Venendo alla bozza di direttiva sulla “Corporate Due Diligence e Corporate Liability”, se essa, come sembra, sarà presto tradotta in un atto legislativo dell’Unione, l’impatto sull’attività delle imprese stabilite nel territorio europeo sarà ancora più significativo. Tale normativa comporterebbe l’adozione di un unico quadro europeo di due diligence in materia di sostenibilità ambientale e rispetto dei diritti umani. Ma cosa significa esattamente due diligence sui diritti umani? Il principio operativo di due diligence è considerato quale noto strumento di gestione del rischio, caratterizzato dall’insieme di passi pratici utili ai fini dell’identificazione e mitigazione dei rischi e degli impatti provocati dai comportamenti aziendali sui diritti umani e sull'ambiente e volto a promuovere un comportamento commerciale responsabile.
Si tratta di un processo che consiste nella valutazione, da parte delle imprese, degli impatti effettivi e potenziali delle attività produttive da loro condotte sui diritti umani, nell’attuazione di politiche aziendali che tengano conto di tali valutazioni, nel monitoraggio delle misure adottate e nell’implementazione di meccanismi di rimedio a favore delle vittime.In particolare, secondo la bozza di direttiva, le imprese stabilite nell’Ue dovranno valutare annualmente il rischio di violazioni dei diritti umani e di standard ambientali prescritti lungo tutta la ‘catena di valore’, vale a dire considerando anche l’attività dei fornitori, sub-fornitori e imprese clienti, indipendentemente dallo specifico settore economico e dall’eventuale ubicazione di questi soggetti al di fuori del territorio dell’Ue.

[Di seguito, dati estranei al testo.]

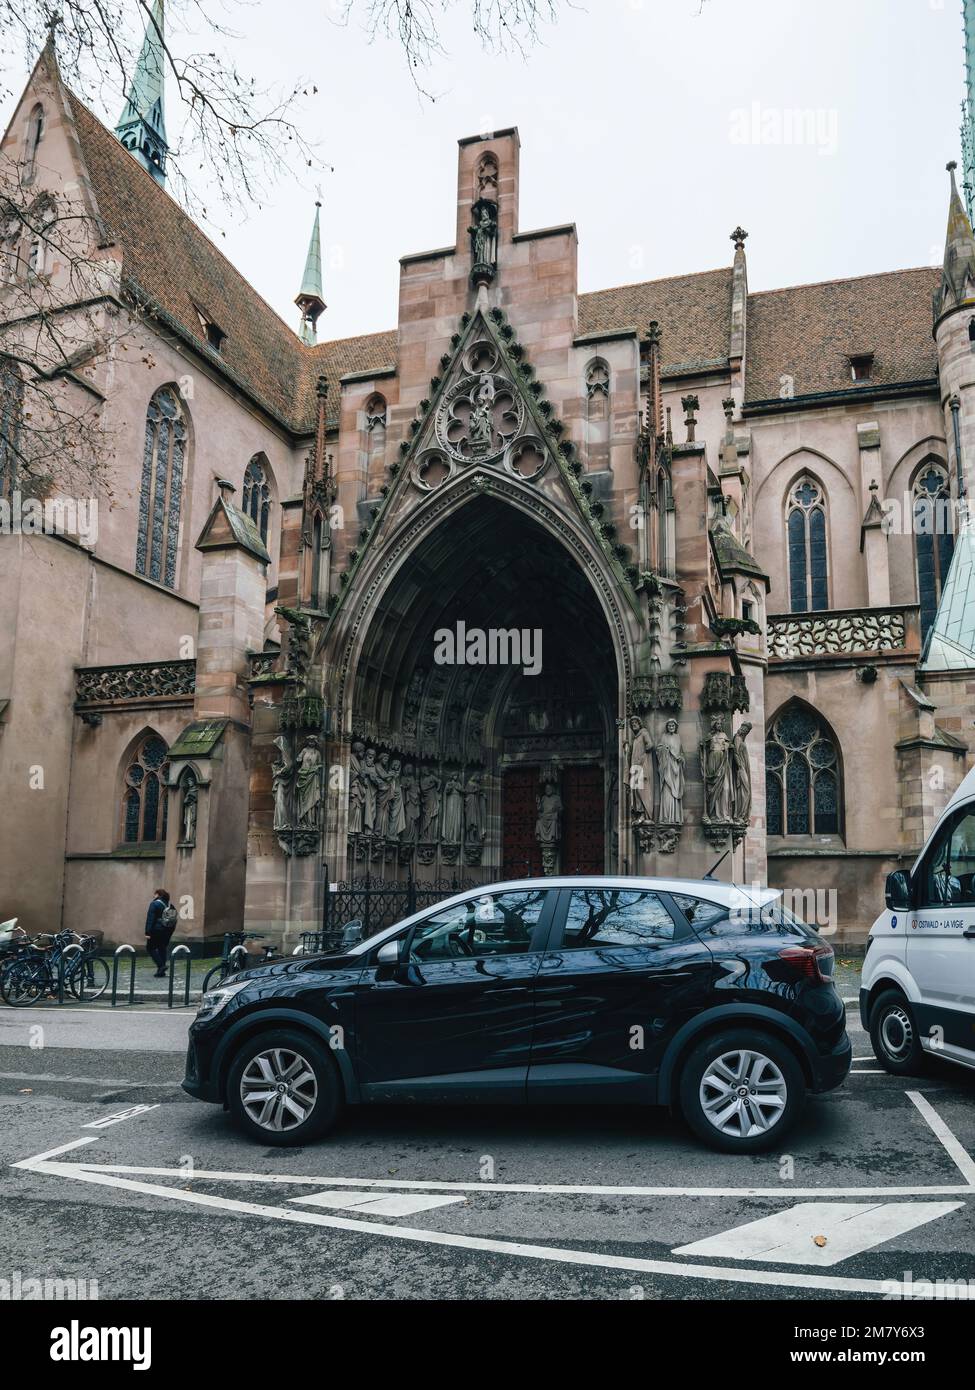 Strasbourg, France - Jan 5 2023: Renault car parked in front of Eglise Saint-Pierre-le-Jeune Protestant church in central Strasbourg Stock Photo

Le imprese obbligate dovranno poi approntare una strategia specifica per la mitigazione dei rischi e adeguare così la loro corporate governance. Inoltre, gli obblighi di due diligence si applicheranno estraterritorialmente anche alle imprese stabilite in Stati terzi che vendono prodotti o forniscono servizi in Ue. Infine, per evitare che prevenzione e compliance si riducano ad attività formali tese unicamente all’esonero di responsabilità dell’ente, la bozza di direttiva prevede l’introduzione nell’ordinamento dei singoli Stati membri di una specifica forma di responsabilità civile per i danni provocati da un inadeguato adempimento degli obblighi di due diligence prescritti.

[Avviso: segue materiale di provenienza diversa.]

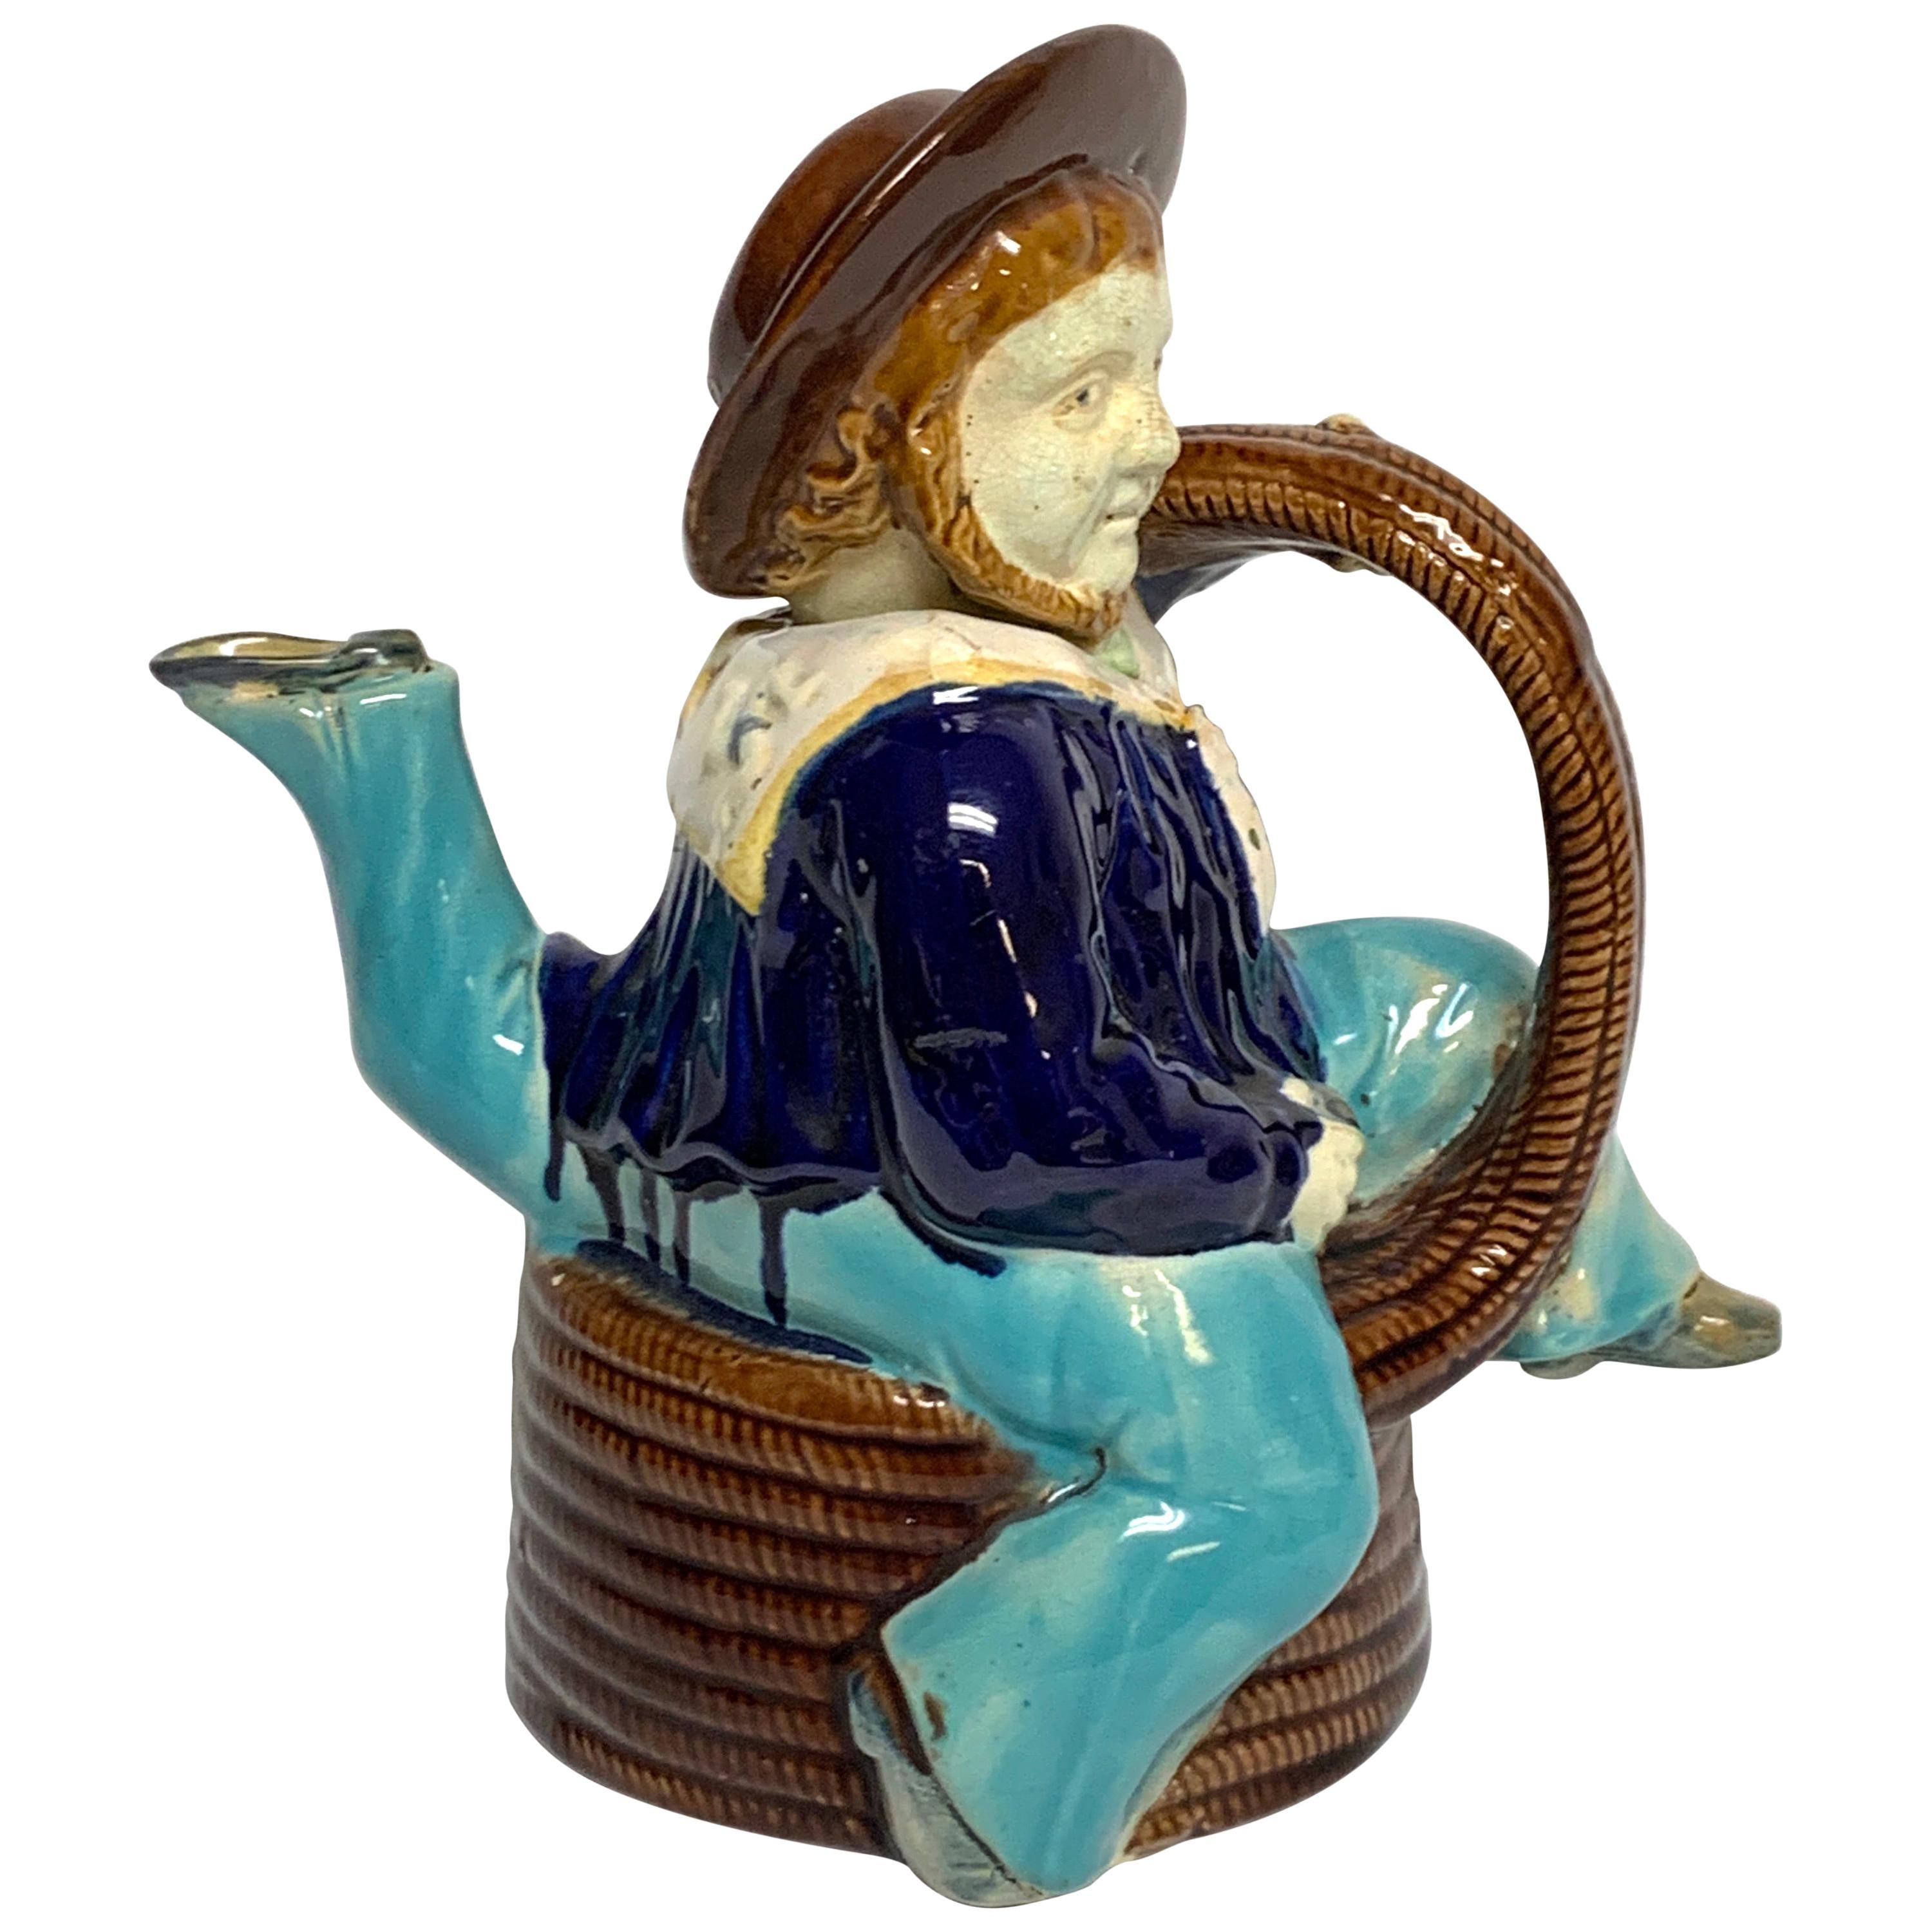 Isle of Man Majolica 'Manx Sailor' Teapot, by William Brownfield & Sons

L’adozione di un quadro normativo unitario semplificherà l’adempimento degli obblighi in materia da parte delle imprese che operano in più Paesi dell’Ue, oggi costrette a confrontarsi con modelli diversi. Nondimeno, è solo dalla proposta della Commissione che sarà possibile comprenderne in dettaglio l’effettiva portata, ad esempio, in termini di diritti umani coperti, gravità delle violazioni, applicazione alle imprese di piccola e media dimensione. Seguirà, quindi, la trasposizione della normativa Ue che, in Italia, determinerà verosimilmente un’ampia revisione del Dlgs 231/2001 non solo per quanto concerne il decalogo dei reati presupposto, ma anche per i criteri di imputazione.